Re: Whole History Rating open source implementation.
Posted: Tue May 29, 2012 7:39 am
by Rémi
pete wrote:Rémi wrote:BTW, this is what I would do in a server: give the lower bound of the confidence interval as player rating. It has the advantage of giving players an incentive to play more, as the bound would slowly go down when they stop playing. This would be unlike KGS, where the best way to increase one's rating is to stop playing.
Rémi
Interesting idea. Are there any other servers that do this? It may have some weird side effects, though. Your rank would almost always go up after playing a game if it's been a while since your last game, even if you lost. And if you won an improbable game, would it be possible that your rank could go down, by spreading the variance more than increasing the mean?

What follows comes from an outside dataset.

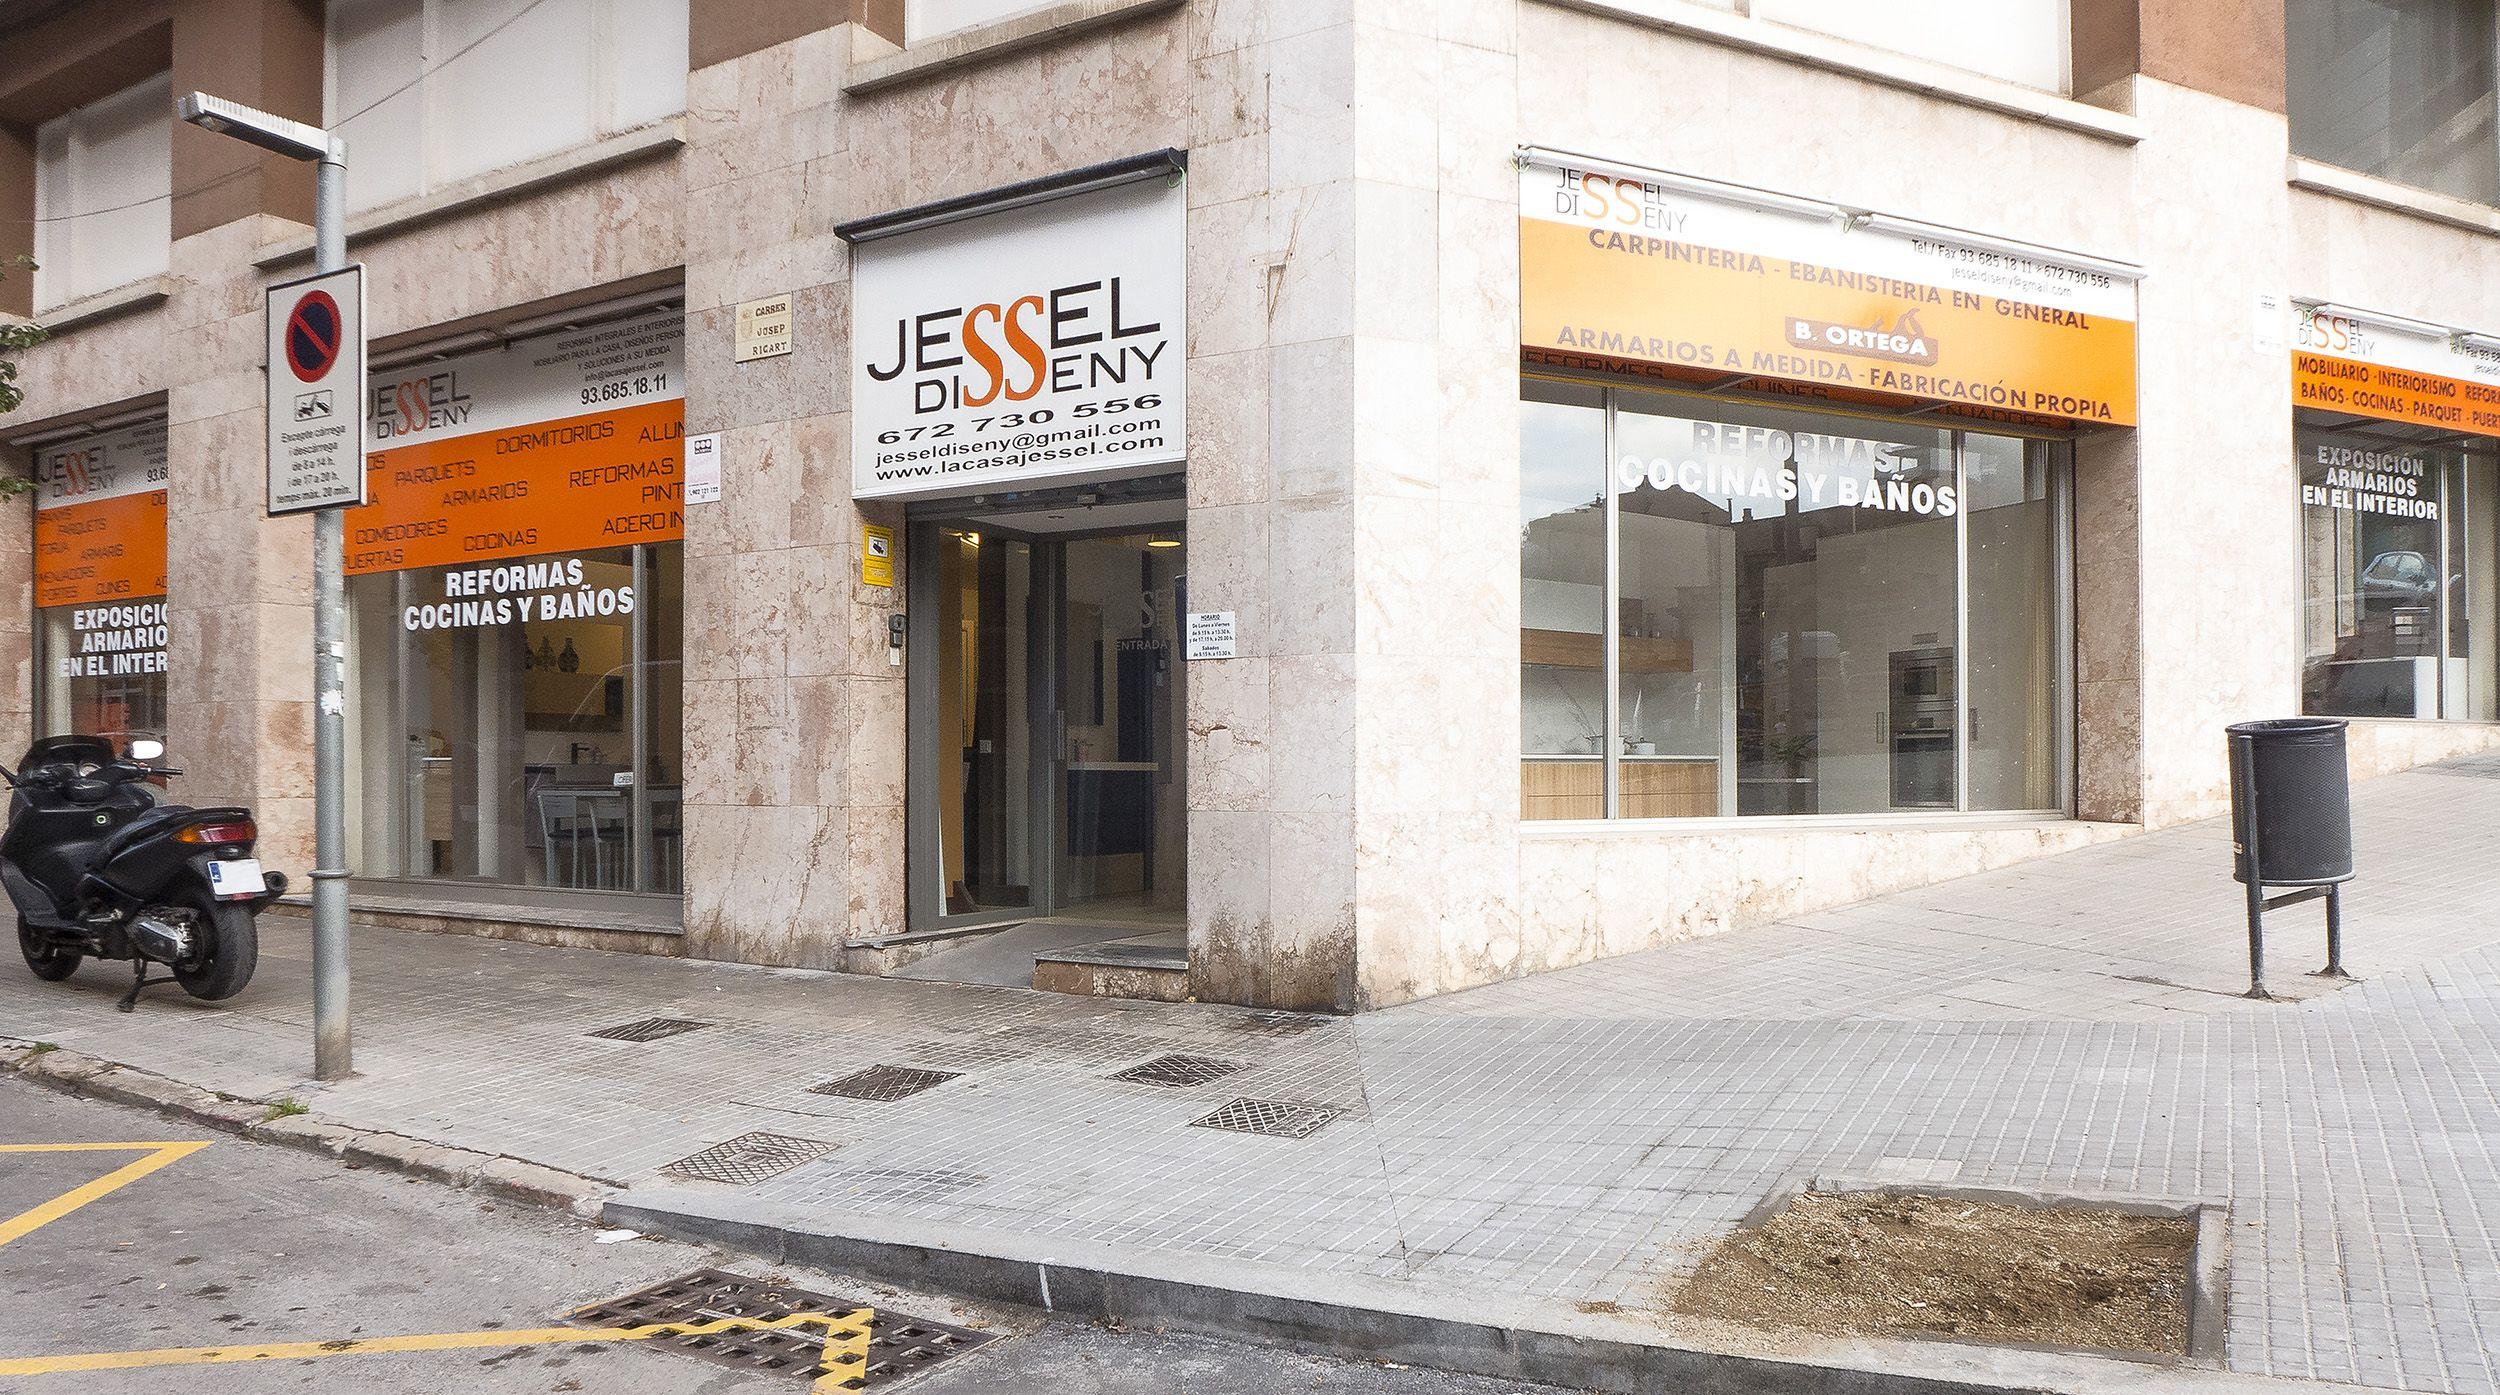 Jessel Disseny empresa de reformas integrales en Sarriá Sant Gervasi, Barcelona

I don't think it is possible. Playing a game will always reduce the variance, so a win will always increase the rank.
In some really extreme cases, when the Gaussian approximation of the posterior is wrong, it may be that a loss will increase the lower confidence bound. But I don't expect that would happen much. And if that happens, the lower bound in question would be much lower than the real level of the player (because the rating would be extremely uncertain), so it should be no problem.
Nobody will complain if their rating increases more than they expect, anyway. What's important, is that it gives an incentive for playing.
Rémi
Re: Whole History Rating open source implementation.
Posted: Tue May 29, 2012 11:06 am
by RobertJasiek
Rémi wrote:Nobody will complain if their rating increases more than they expect
Wrong. (If you don't remember, I have complained about such earlier.)